Not all moves on structure and staff need to happen from start. But it has to work as a foundation for changes you plan to do in consecutive steps.

Focus on laying a structural and human foundation. And be clear to yourself what your kitchen cabinet will look like. The structure and team members you build on in the core are key when you bounce ideas and plan next steps.

A change agenda based on incremental change

To drive your change agenda you can choose between one Big Bang or Incremental change. The new business reality most business face is one about uncertainty. A reality where change as an enabler for adaptability become a central capability.

Incremental change in small steps with evolving priorities make sense. Aspire to evolve your priorities quarter by quarter. You set the expectations from start change will be frequent, manageable and continuous. You evolve from where you start with a clear direction in mind. Change become a process rather than an event.

Five business critical flows in focus

At this stage the 5 most critical business execution flows should be clear. You have defined where it is central for your organization to drive value. You know if the challenge is to maintain, improve or change given flows.

Focus on the essential ones to make sure you get them to where they need to be. Execution is hard, and difficult without clear structures in place. And realize you can only deal with a few at a time to drive results.

The focus on flows signal you are serious with the lean operational model you are targeting. Expect flows to affect peer organizations. A critical alignment activity is to secure all dependent teams focus on developing their part of an agreed set of flows.

Execution set up around 5 quarterly priorities

After the 90/100-day installation period the expectation is your team will be back in full execution mode. Your transition recipe has been to minimize execution disturbances during the transition. And ideally you have been able to increase output, as your organization did not operate at full potential when you entered.

Lean organizations benefit from few priorities and short execution cycles. A handful priorities and execution in quarterly stints is a sound starting ambition.

As you exit your 100-day plan you want to be ready for the next coming 90. And expect your plan to differ from previous plans if you have made a lateral move into a new area of your operations.

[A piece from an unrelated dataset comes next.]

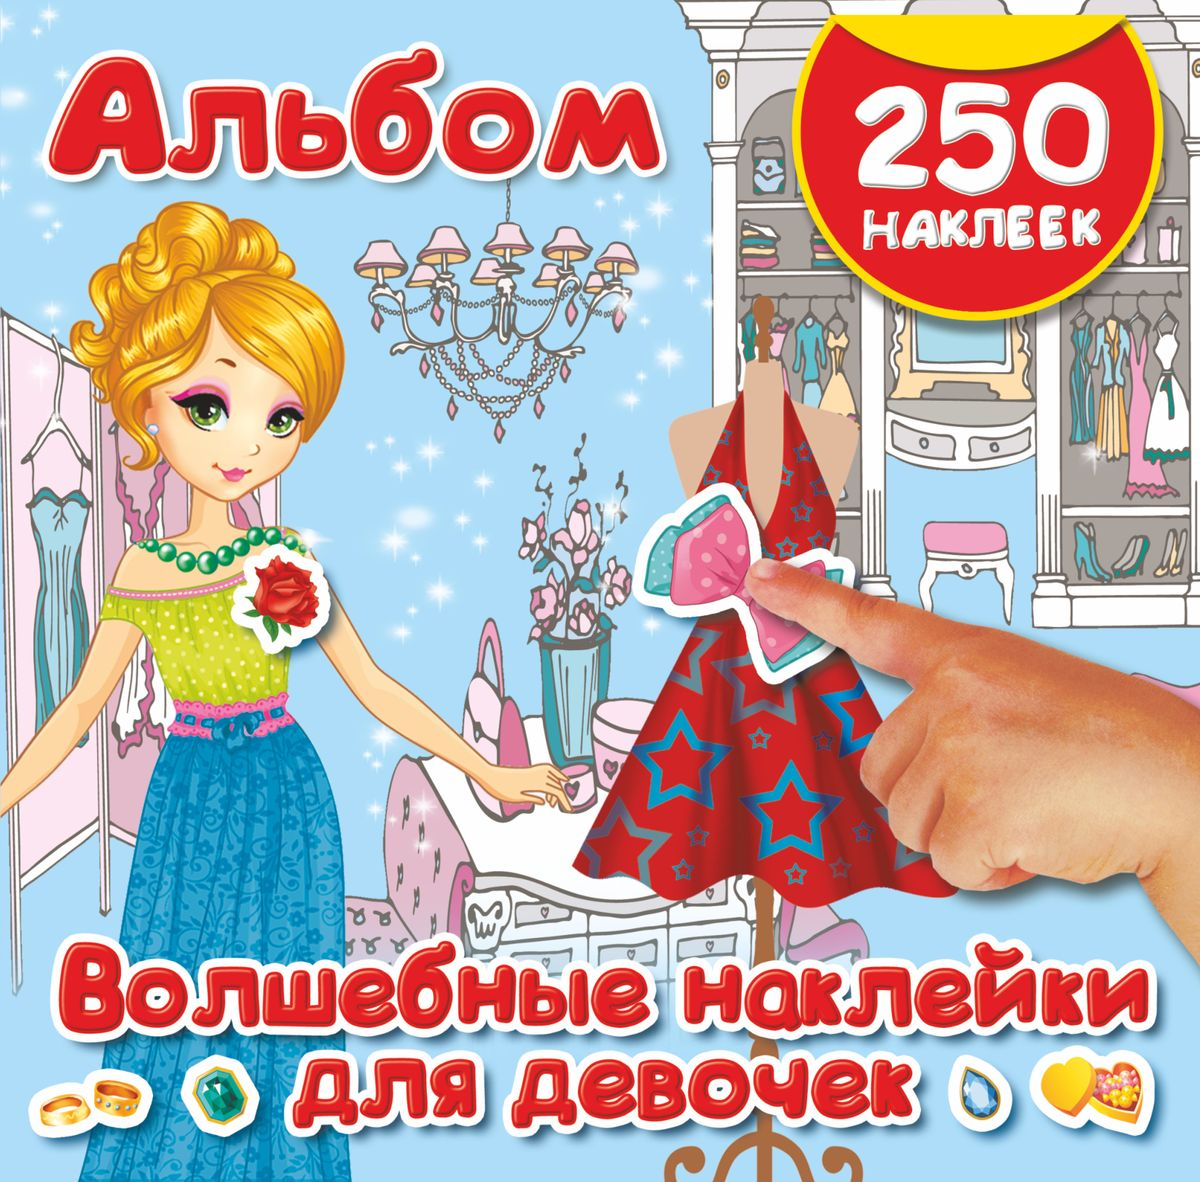 Волшебные наклейки для девочек и горбунова книжка для девочек всех возрастов рисунки раскраски придумки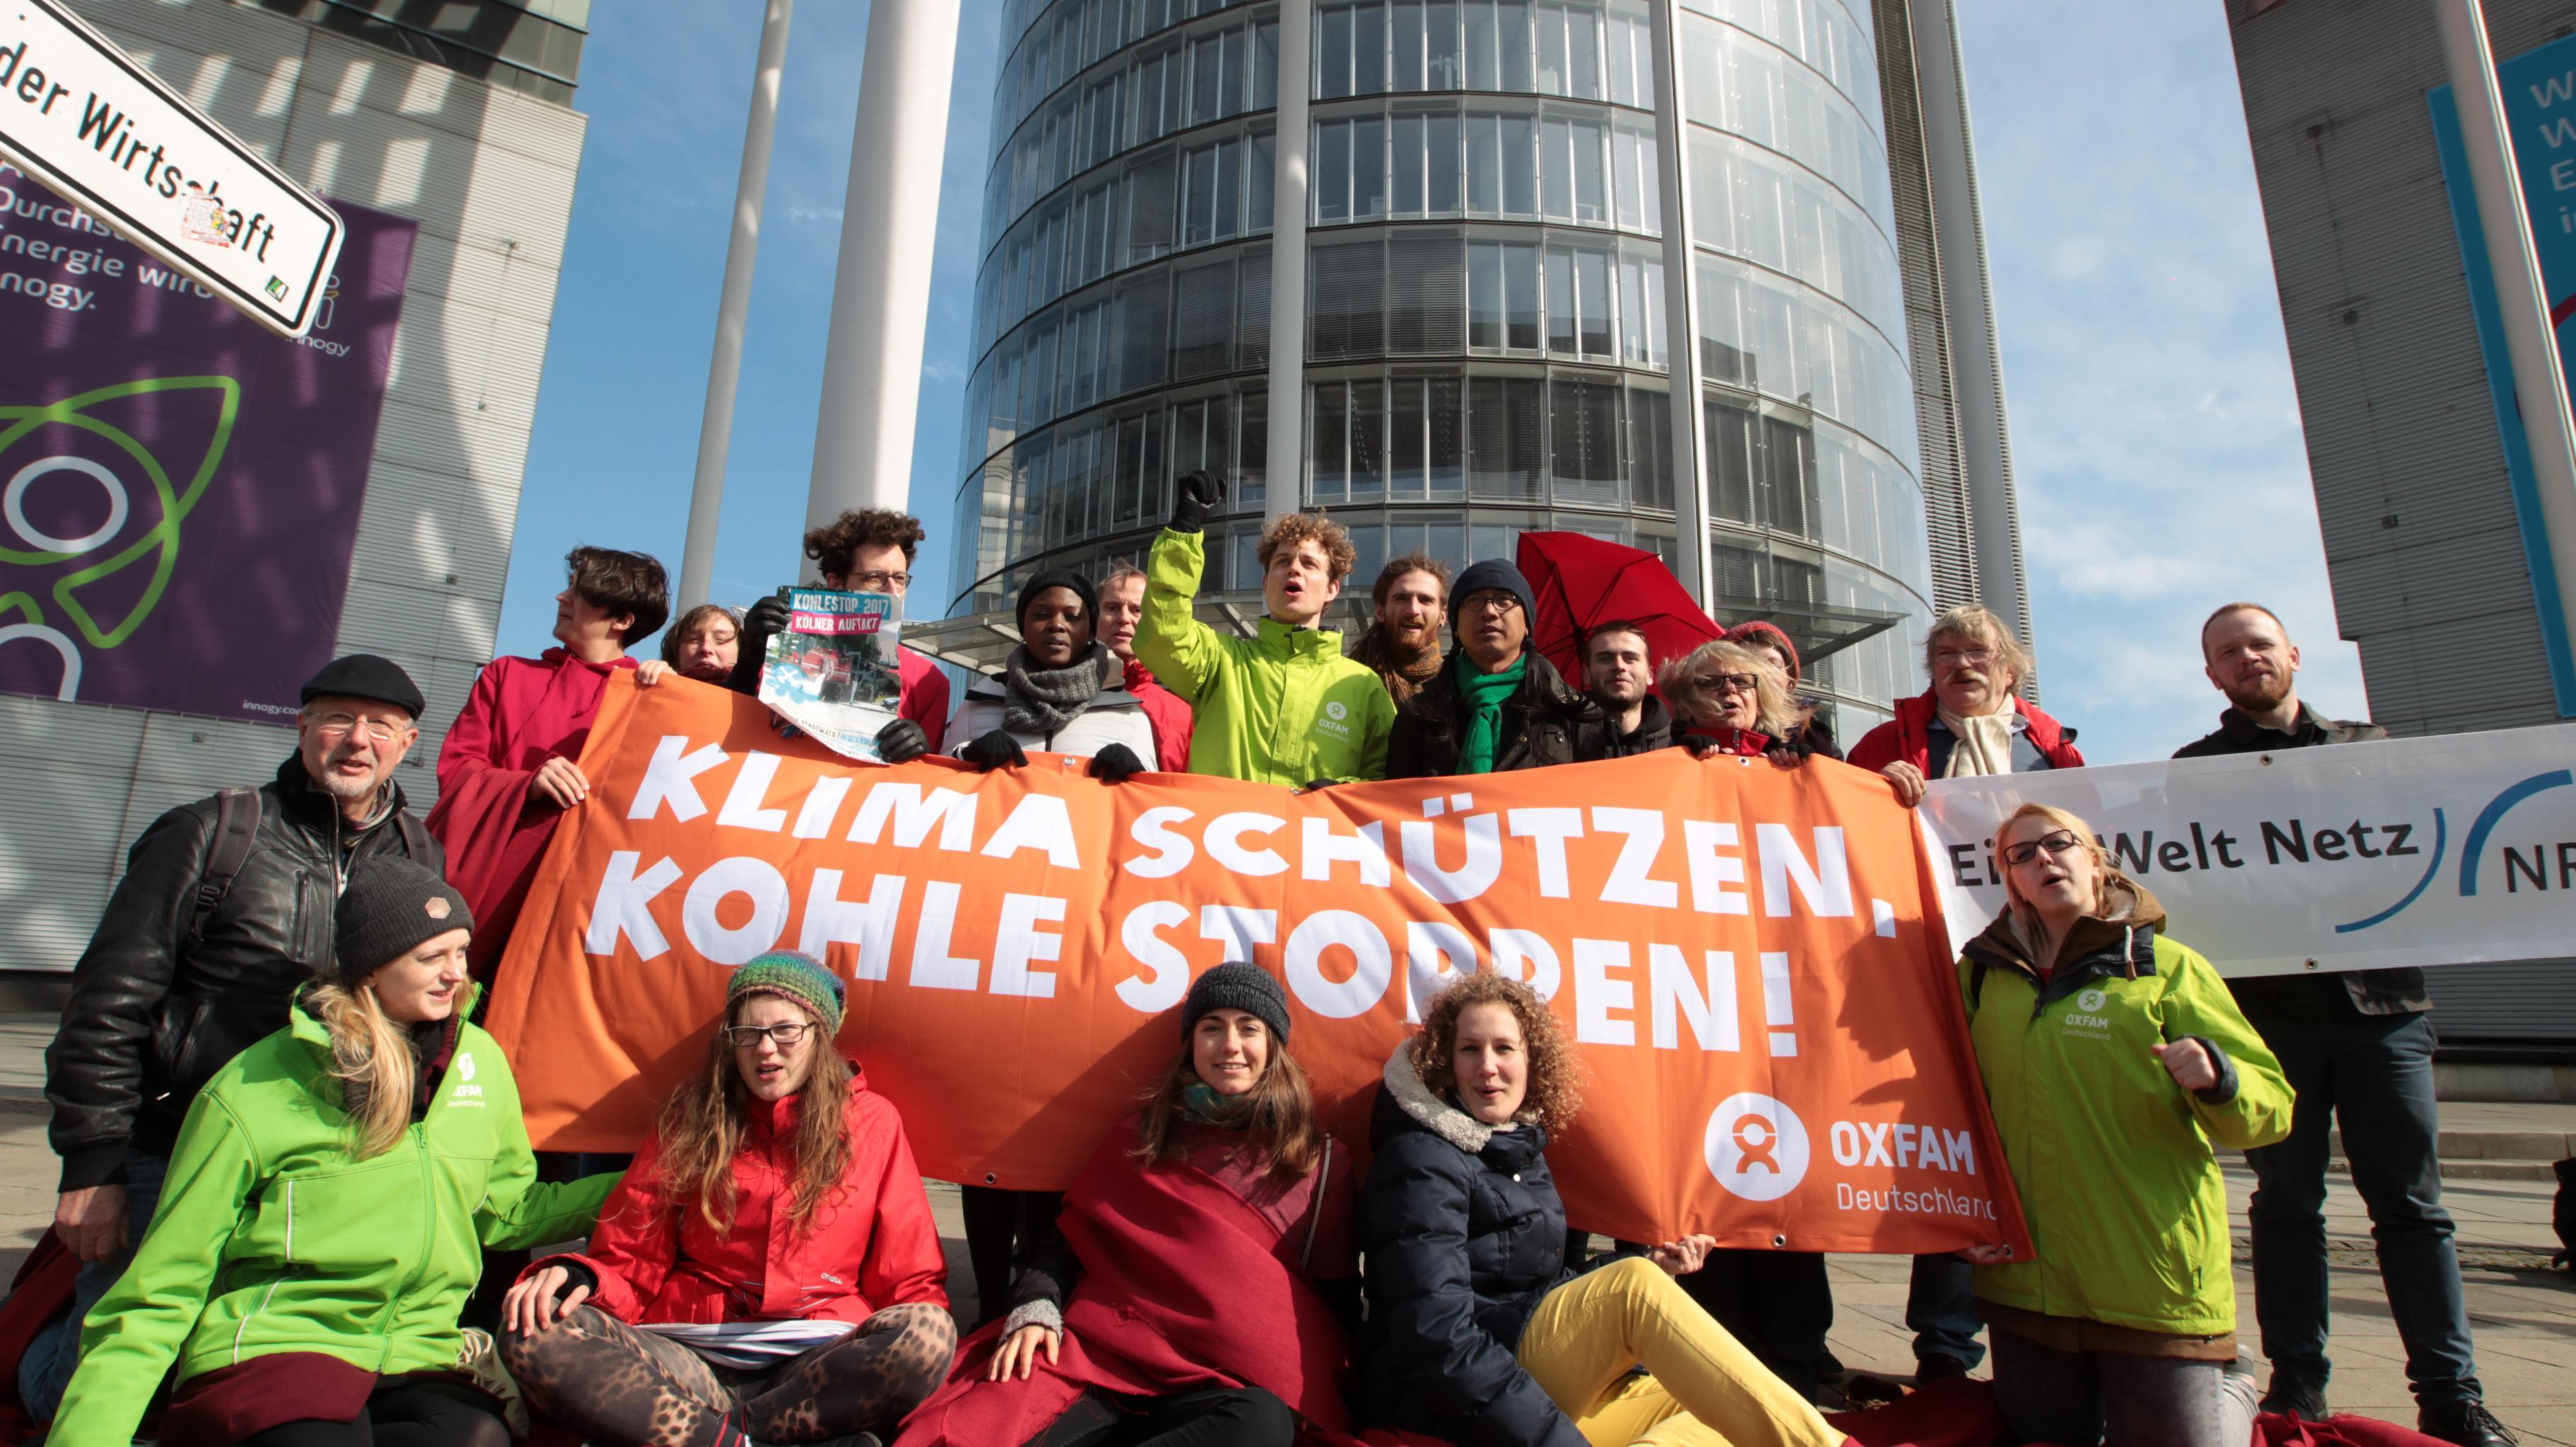 """Aktivist/innen protestieren mit einem Banner vor der RWE-Zentrale: """"Klima schützen, Kohle stoppen!"""""""

Great questions to ask yourself

  1. Which stakeholders support me and where do I need to spend more energy – don’t expect all to be at the same level even at this stage.
  2. Do I have any strong opponents in the organization – and how should I go around or neutralize the opposition.
  3. What are the organizational anchors I want to build from – both structure wise and human capital wise.
  4. What does my change agenda look like – not all need to be implemented but at this stage you should have a clear view of areas to attack
  5. What are the 5 fundamental flows my organization need to excel at – and expect them to reach into peer organizations in lean operations.
  6. Which 5 execution priorities do I want to focus on in the second quarter – a focus you define at the end of your 100-day plan.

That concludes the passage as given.